Wow.. It totally engrossed me, in fact I was imagining myself roving in this cave city of Baluchistan "Gondrani" while reading the article. Very well presented, thumbs up!
Aoa Danial Shah (author)....very well written piece masha'Allah....really enjoyed reading it and look forward to seeing more of your work published on Tribune Express' Blog as i really enjoy reading travelogues , specially with such mysterious tales embedded in them (i am refering to the myth of Mai Godrani that you have included) ...i especially liked how u described the caves and wish i could actually visit this place...and the pictures are amazingg :)
@Homa @ Danial Shah There are no rock paintings and petroglyphs at this particular site, however, there are lots of them in the Khirthar range towards the East (the geographic border of Sindh and Baluchistan).
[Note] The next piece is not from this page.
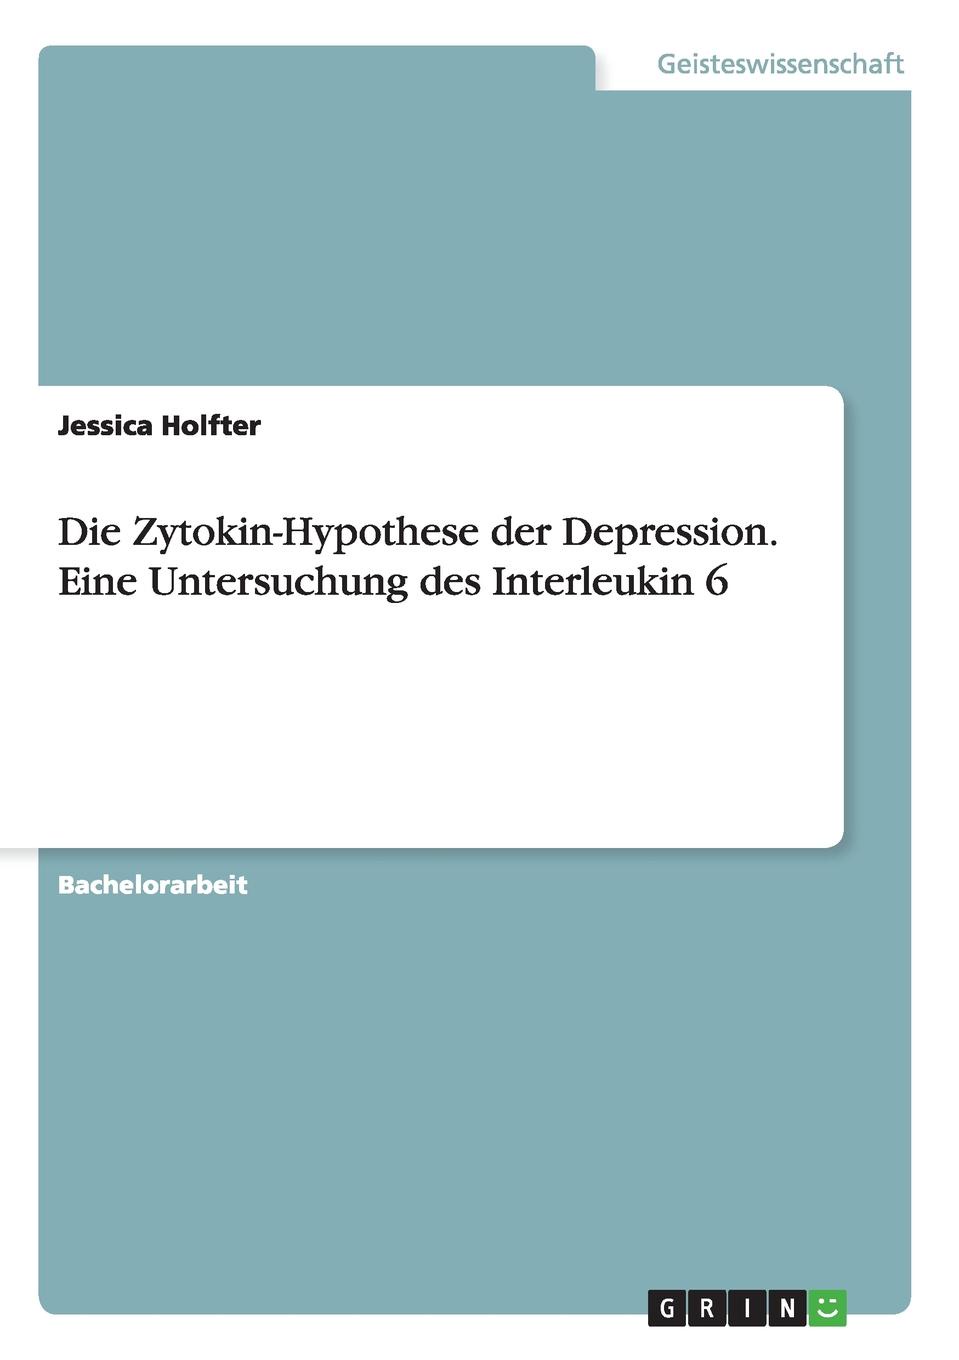 Die Zytokin-Hypothese der Depression. Eine Untersuchung des Interleukin 6

Unfortunately, most of these paintings and etchings are eroding and they have hardly been documented. There are only a handful of scholars who were crazy enough to afford a scholarly glance at the subject. I am unaware of any book on the subject (for the Khirthar range), although, I understand that Mr. Badar Abro was doing some research / field work on the subject. As for rock art around Gondrani caves, I did come across a picture of an etching / petroglyph of a human palm with some symbols, some of which could be Greek. The picture, I was told, pertained to another site in Lasbela District (same as Gondrani). It was said to be left behind by soldeirs of Alexander's Armymen! WORD OF CAUTION: I could not verify the picture and its related story by any secondary source. I consulted quite a number of people who frequently visit the area or who have served in various capacities, but none could confirm its existence. Unfortunately, the army officer whose memoirs included the picture and the story, is no longer alive.
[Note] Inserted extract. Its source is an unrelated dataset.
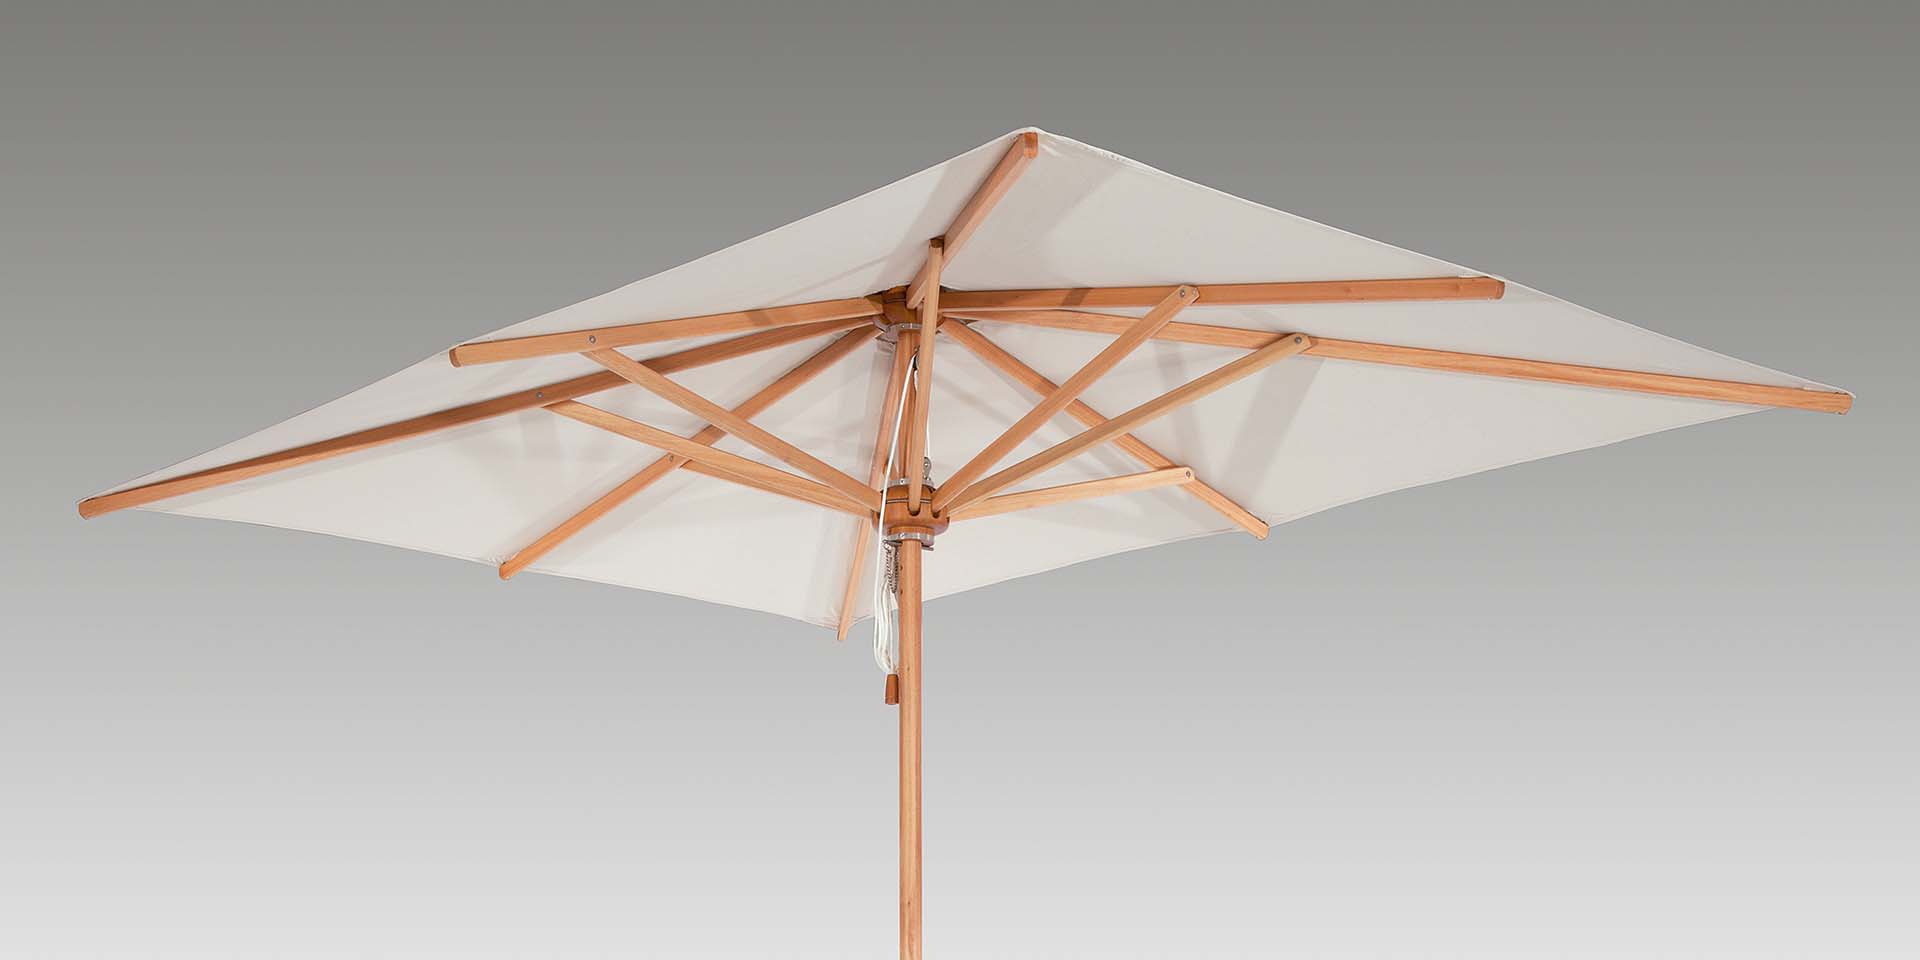 Overwegen evalueren vraag naar Napoli 11.5' Rectangular Umbrella on SALE NOW at Atlantic Patio!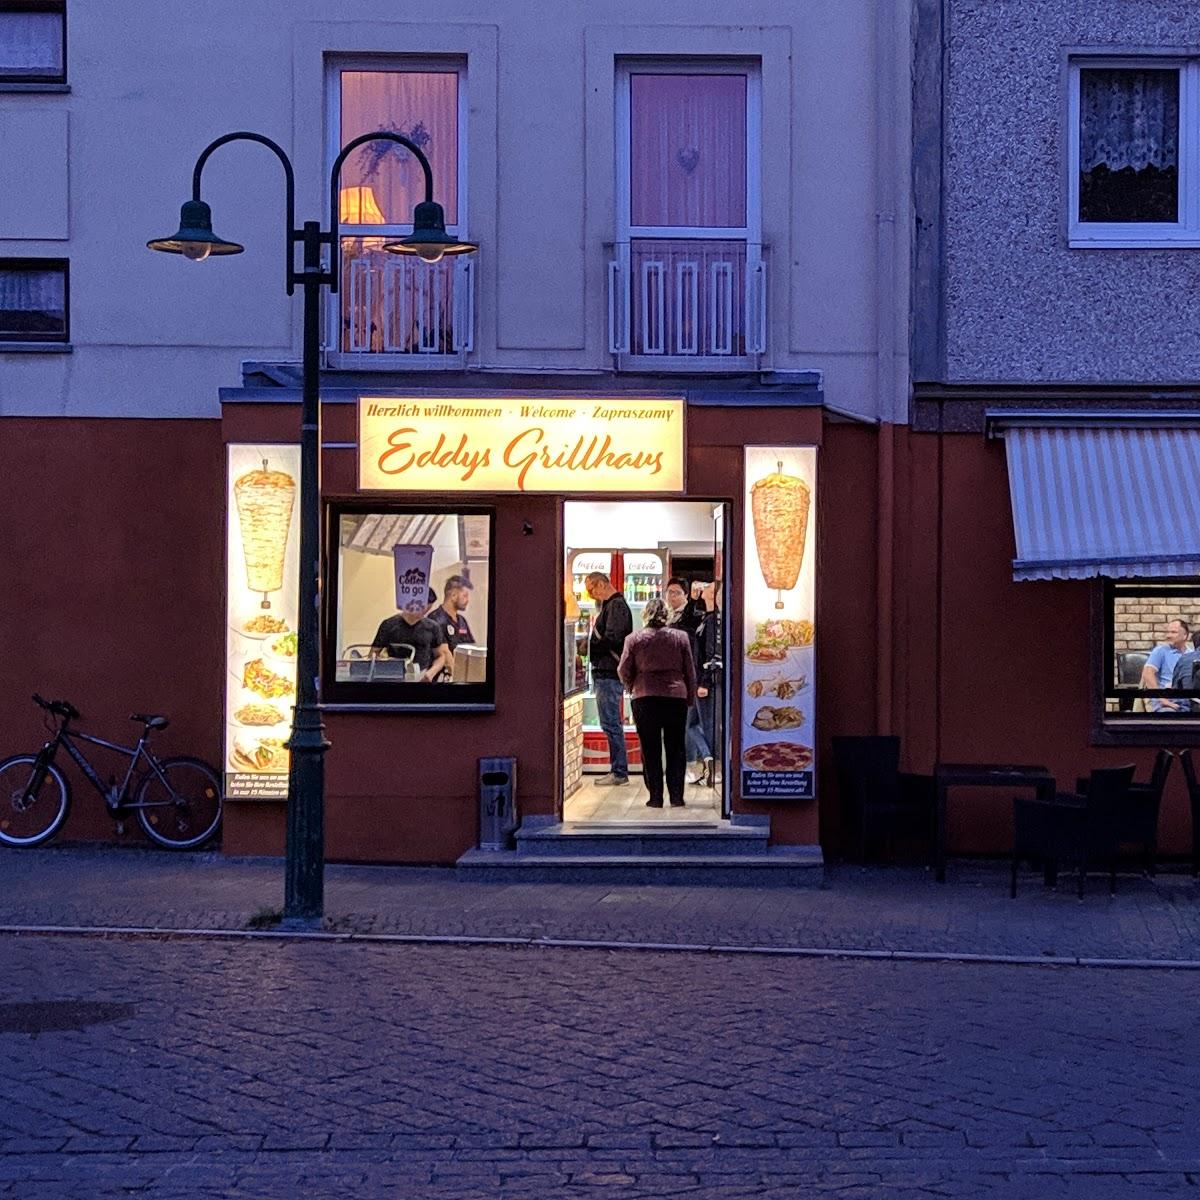 Restaurant "Eddys Grillhaus Döner" in Pasewalk

@Homa: There were no cave paintings. The place lacks any infra structure
@ danial and adil: Very cool. Did you see any cave paintings? Will u show me around when i visit pk?
@Adil Mulki : lol. you could have come up with more details :) you still can... and snakes sound crazy. Thank God i didn't encounter one..
Very nice pictures. Thanks for bringing this up. You beat me to it : ) ... it was on my "menu" for the next quarter... By the way, the cool caves are ideal locations to find snakes : ) they often turn up to feast on the bats and their young.